On Cambridge: "It would be far too crude to say it’s simply misogynistic"Theo Demolder

“Kind of a competitive martyrdom”, Mary Beard tells me (quoting a colleague), is what being an academic is like. “You’re always fighting the sense that you’re really not very good. Although a lot of academics look as if they’re super self-confident, I think deep down, in bed at night, they still worry they’re no good.”

However, it is clear that Professor Beard loves her job. “If you’re at Cambridge, you’re damned lucky with the students… you get kept alive actually; I can think of nothing worse than having a full time research job.” For Beard, it is having “a very good argument” which makes a good supervision. “To put it from a very selfish point of view, I have learnt how to argue and my intellectual course has often been changed by supervisions. Your students are likely to be more honest than your colleagues and say ‘I don’t see why that adds up.’ But conversely you occasionally see that you’ve made a difference to the way someone thinks about something. I remember many years ago we had just finished a supervision – everyone had gone out… I was probably about to have a gin and tonic – and this guy came back round the door and said ‘can I just say, I’ve never thought about it like that before?’ He was probably very embarrassed to say it, but I thought ‘You’ve made my bloody day!’”

I was keen to get her view on the prospects of women following her into academia, and she was optimistic. “This was a man’s University for 750 years, and it’s come a long way in the last 50 – but you don’t change seven and a half centuries completely in half a century. For all its efforts, Cambridge is still a very oddly gendered place – but it would be far too crude to say it’s simply misogynistic – it isn’t that.” And she is confident that women’s colleges still have an important place. “If I hadn’t thought we needed them I’d have done a runner! Particularly when I was the only woman in the Classics faculty, I could go back to my college for lunch and complain about how I had forgotten the kids’ ballet shoes or something like that in a way that would be understood… you were with people who knew what you were talking about – trying to live split lives; it always seems to me that it’s overwhelmingly the women who come to work with domestic responsibility still in their heads. Maybe they’re just better at pretending, but observing my male colleagues, I don’t think they sit down at lunch and think ‘Oh shit! Who’s got the ballet shoes?’”

From the buttery to the BBC, she sees her rise to fame as “a whole series of interlocking coincidences”, but largely credits her subject matter – the Romans themselves. I asked her about why she thought that was; why, for instance, archaeologists had chosen to dub a new discovery in Cambridgeshire the British – “Pompeii!” she exclaimed. “I know! I think that’s really interesting, isn’t it? I think there hasn’t been a moment in my consciousness where Rome hasn’t been a big part of a fairly wide popular culture. There’s something about the Romans that speaks to us about being us. And obviously in Europe that’s aided by knowing that the political geography of your country is Roman. Why is London the capital? – because the Romans made it the sodding capital!”

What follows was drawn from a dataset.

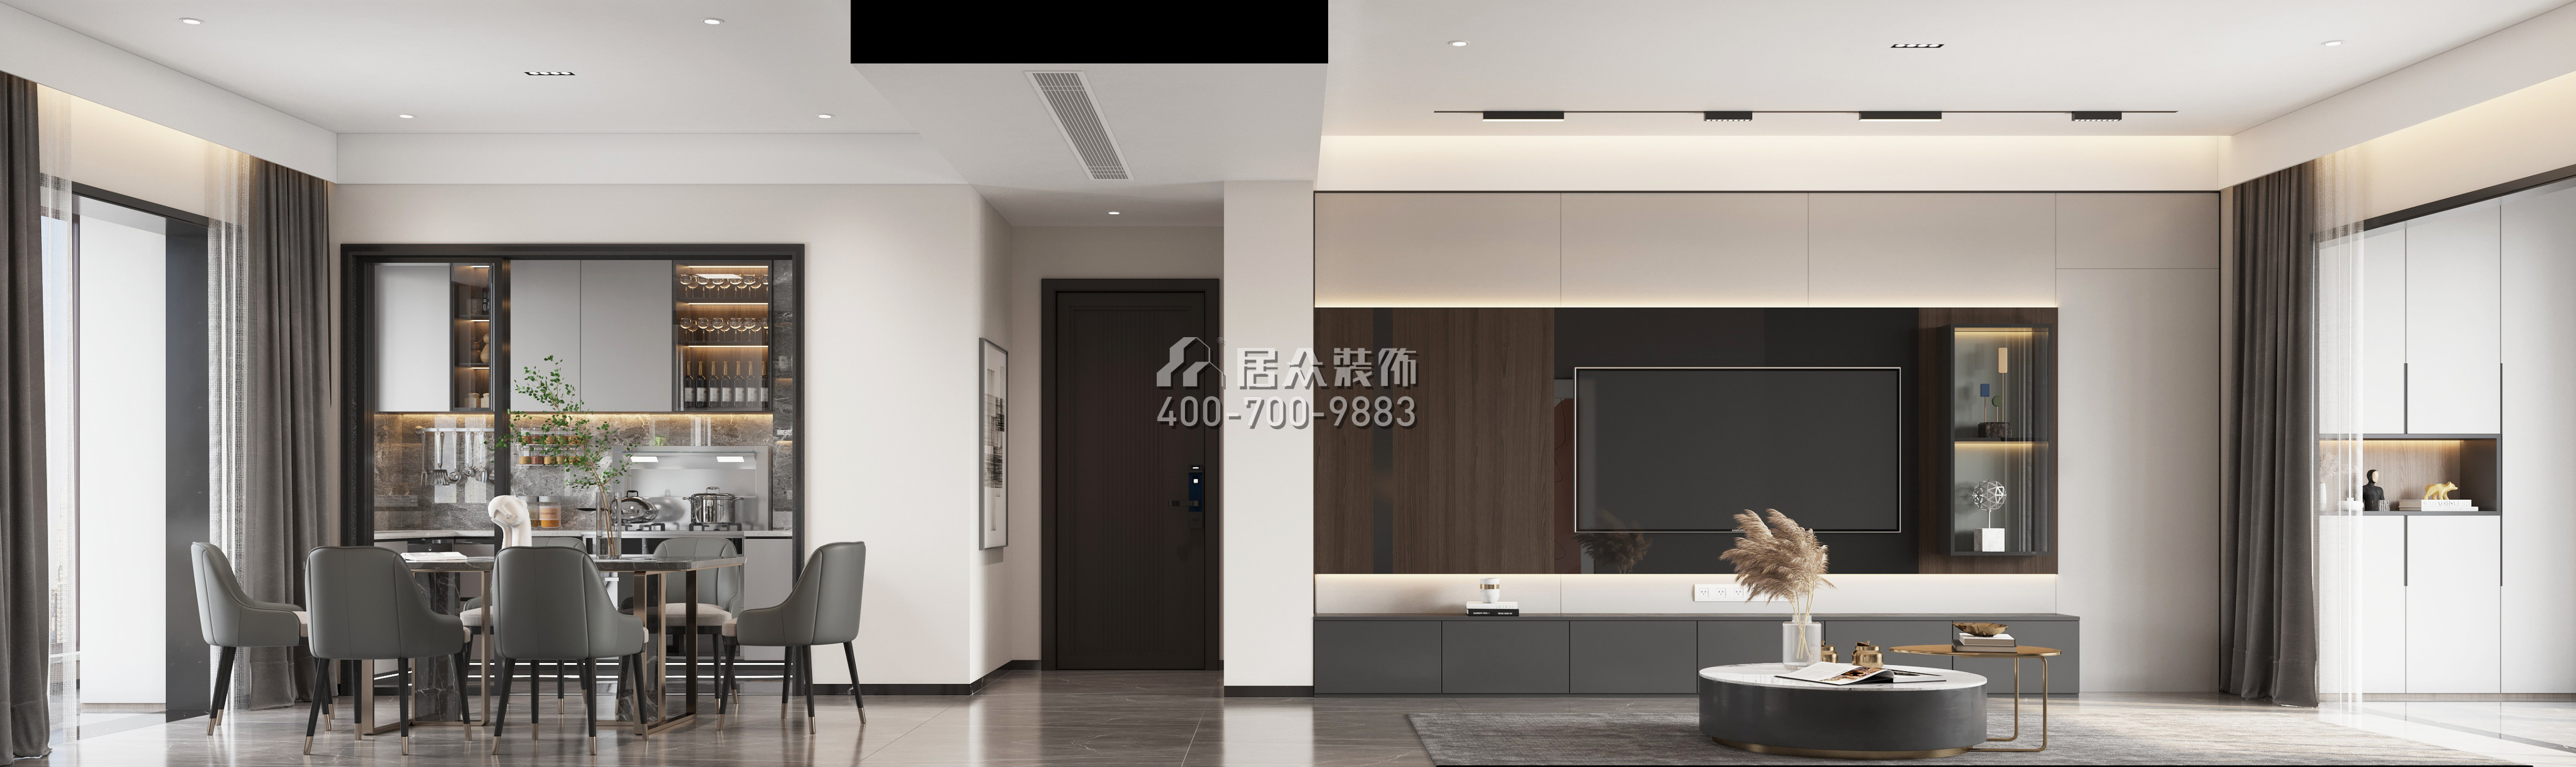 翠湖香山别苑139平方米现代简约风格平层户型客餐厅一体装修效果图
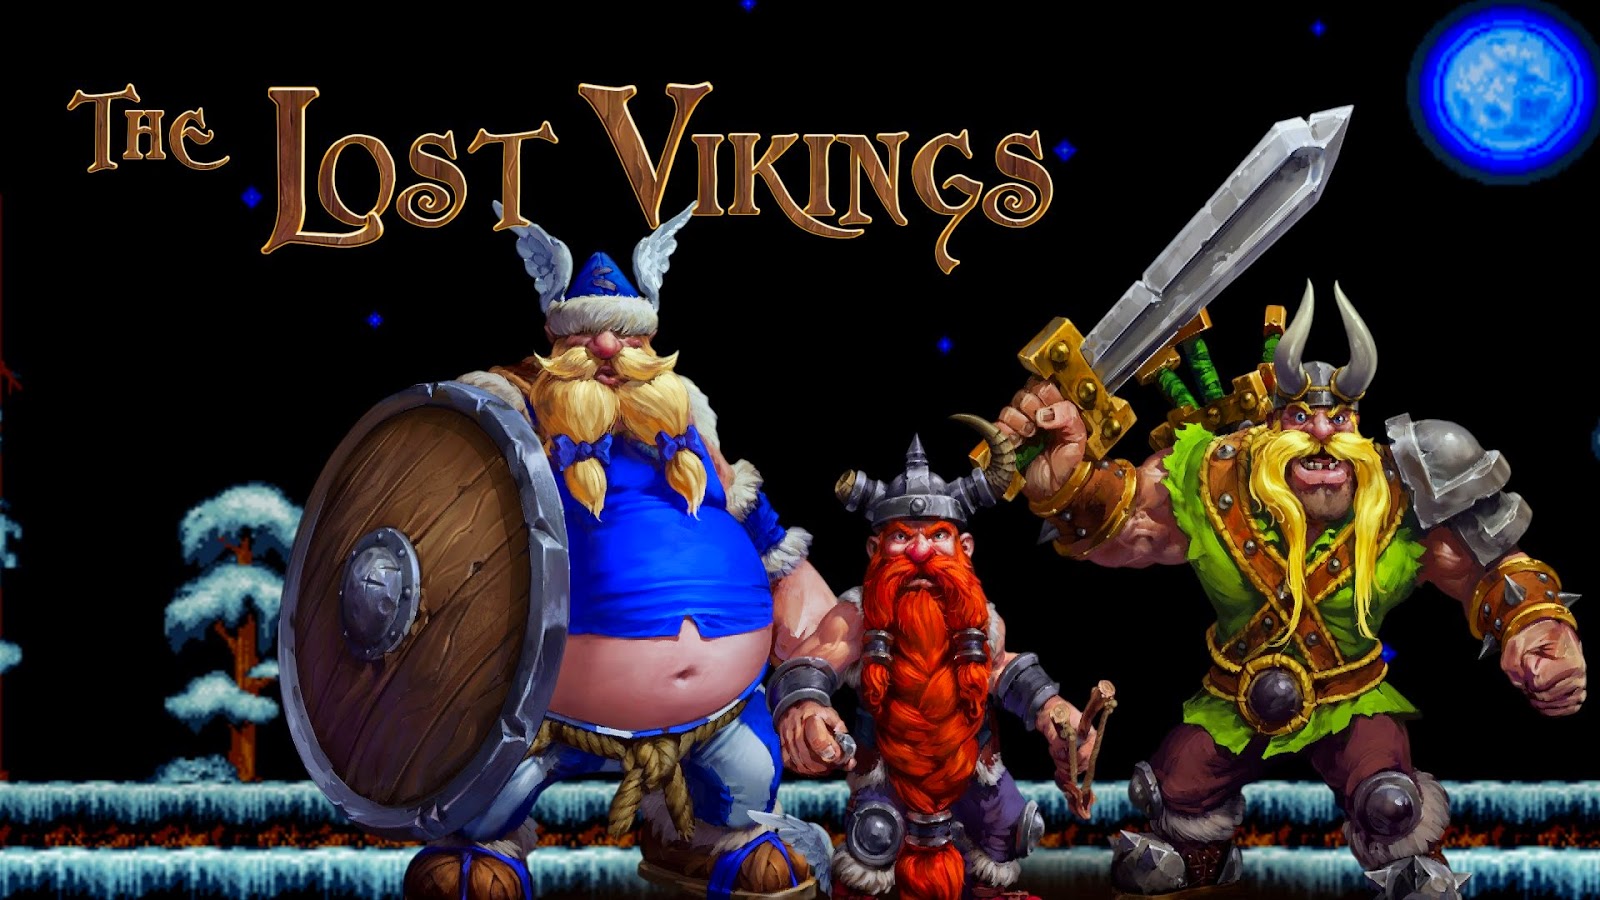 The Lost Vikings e como aprendemos a amar jogos multijogador com

Despite assuring me that “anybody who does telly has to know that if you’re very popular now, there will come a time when they don’t want you”, she has two new programmes on the horizon – a one-off documentary about Pompeii to be broadcast in March, and a series on the Roman Empire which she describes as “quite hard core” – to be broadcast in four parts. “It’s asking: who’s actually running the Empire? Who’s the guy on the door? Who’s the guy from Spain who’s bringing the olives to Rome? So it’s kind of a mixture of the slightly blokeish big historical questions and the nitty gritty.”

Concerned that our 15 minute interview slot was nearing half an hour, I pointed out that we had gone over time. “It doesn’t matter,” she replied, “we’re enjoying it!” and resumed a trail of thought flitting from Robert Harris’s Cicero trilogy to her dislike of soundbites such as ‘long term economic plan.’ It struck me that to outward appearances at least, she is someone who is always enjoying it. It is her authentic enthusiasm for discussing her work which has turned a Classics professor at Newnham into a household name. If she is one of those academics who goes to bed worried, she really needn’t be.